Studying me rather than accusing me with his gaze.

His red hair and his eyes with their blue-and-brown-ringed irises both look nearly black in the dimness.

“You still don’t have any idea what Kosmel wants with you?” he asks.

I shake my head. “He hasn’t spoken to me since that night in the All-Giver’s tower.”

“Perhaps you should try to speak to him. He’s got a shrine right in that temple.”

My body balks instinctively. It was unsettling enough entering the Temple of the Crown, the largest building of worship in the country, when I knew the entire city was on the line.

To simply go in to try to chat with one of the godlen who should theoretically hate what I am, even if this particular godlen doesn’t seem to mind at the moment…

“Maybe,” I say. “I’ll see. He didn’t tell me anything all that useful the two times he did talk to me anyway.”

“Sounds like typical theology to me.”

Stavros straightens up again, presumably planning to finish the sleep I interrupted. The tentative peace between us feels as if it might shatter the second he walks out of this room.

I open my mouth, and the other topic I’ve been afraid to bring up leaps onto my tongue.

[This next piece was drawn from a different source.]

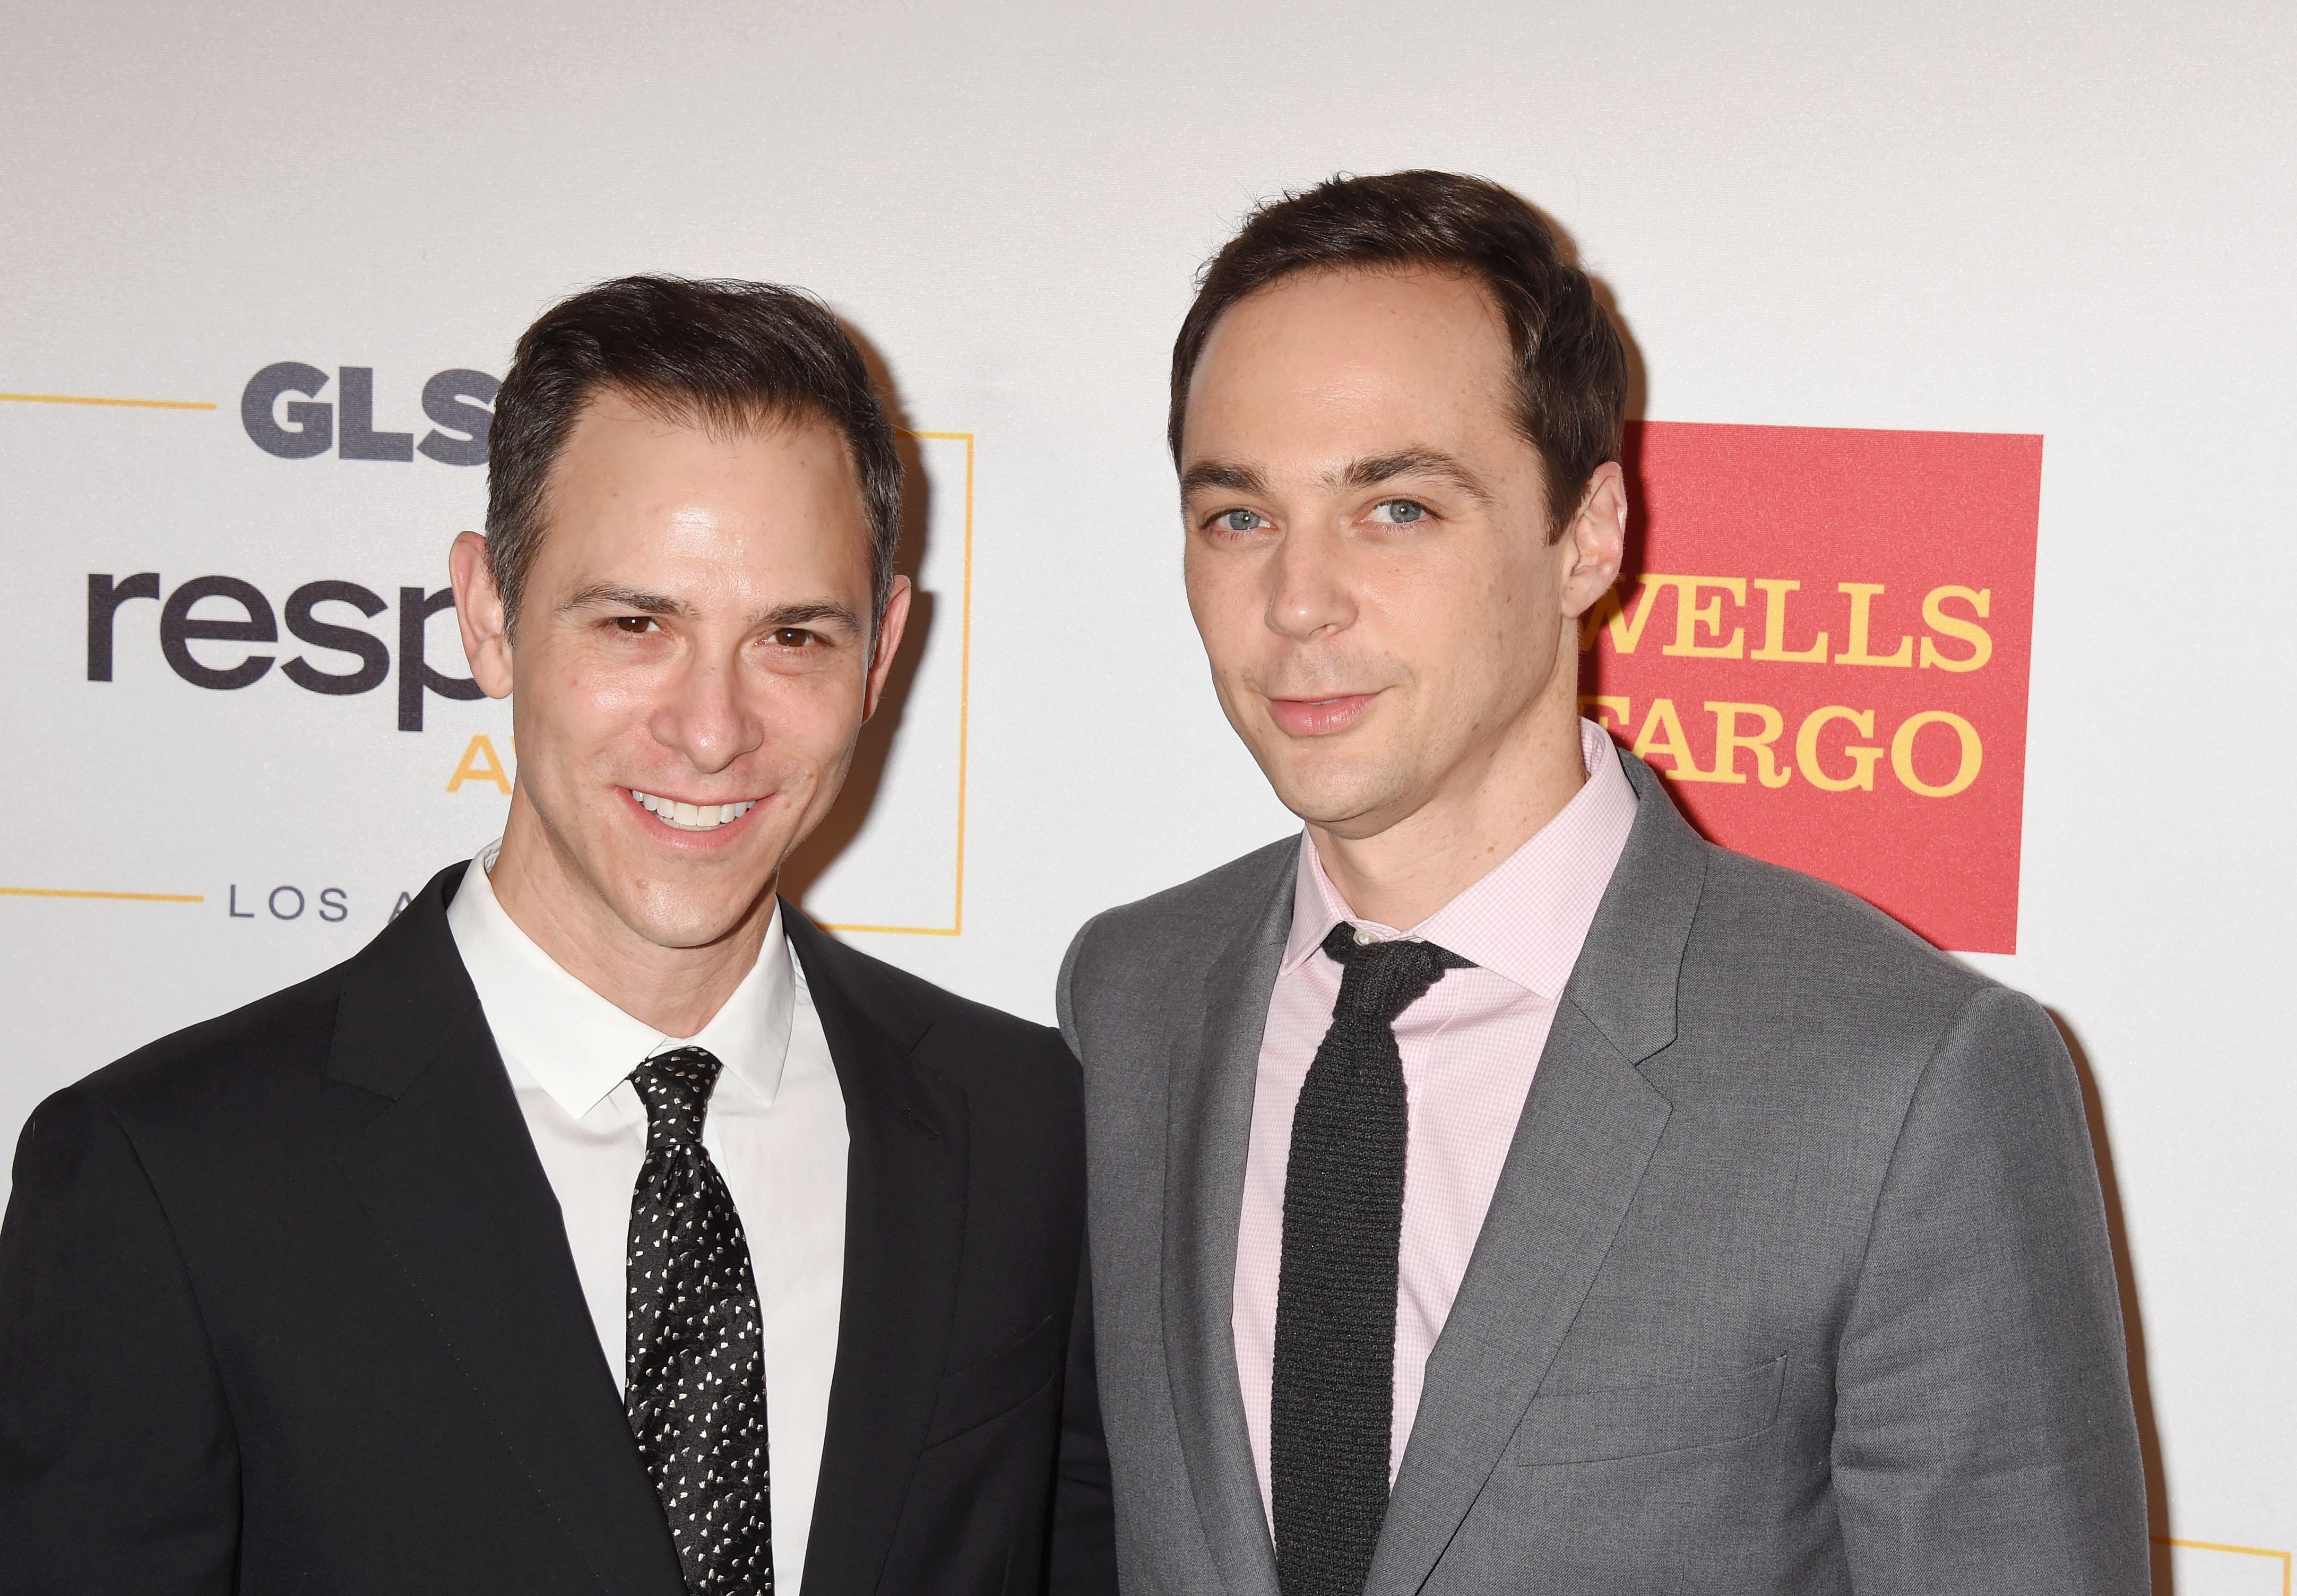 'Big Bang Theory' Star Jim Parsons Marries Longtime Partner Todd

“I’m sorry about your friend too. I—I never wanted to remind you of any horrible part of your past. Was it the riven sorcerer you tracked down two years ago who was responsible?”

The first day I stayed in this room, the former general told me one of the riven had “butchered” his best friend. He has a more personal reason than most to hate me for what I am beyond all the atrocities the riven have inflicted on broader society.

Stavros stiffens. “No,” he says shortly. “It was—we were teenagers when it happened.”

Anywhere from ten to fifteen years ago, then, if he’s in his late twenties like he looks. A grief he’s being carrying about as long as I’ve mourned my sister.

“What happened?” I venture.

He takes a step back from me, his expression hardening.

“I was living with my mother as I told you I usually did. He was one of her supporting officers’ sons.

We had the idea we’d make an adventure of having a ramble through various towns in the area.

And we ended up in the wrong place at the wrong time.

We were stupid and careless, and I didn’t realize until it was too late—”

Stavros cuts himself off. His voice goes totally flat. “We were stupid, and we crossed paths with a monster. That’s all there is to it. You don’t need to know the details to ensure you don’t end up doing the same.”

He prowls off into his bedroom without another word.

It’ll be okay, Julita says, her voice a little too quavery to be totally convincing. He’ll come around. He’s got to see you’re not like the other riven.

Does he? I don’t know about that.

I thought we’d made a little progress, but I might have dashed it to bits with my curiosity.

Exhaustion from my own interrupted sleep drags at my eyelids. I force myself to lie back down on the sofa and tug the blanket up to my chin, trying not to think about the conversations I’ve had with Stavros in this room that ended on much better terms.

Trying not to ache with the knowledge that he may never speak with me like an equal again, and I’m not sure that’s even unfair.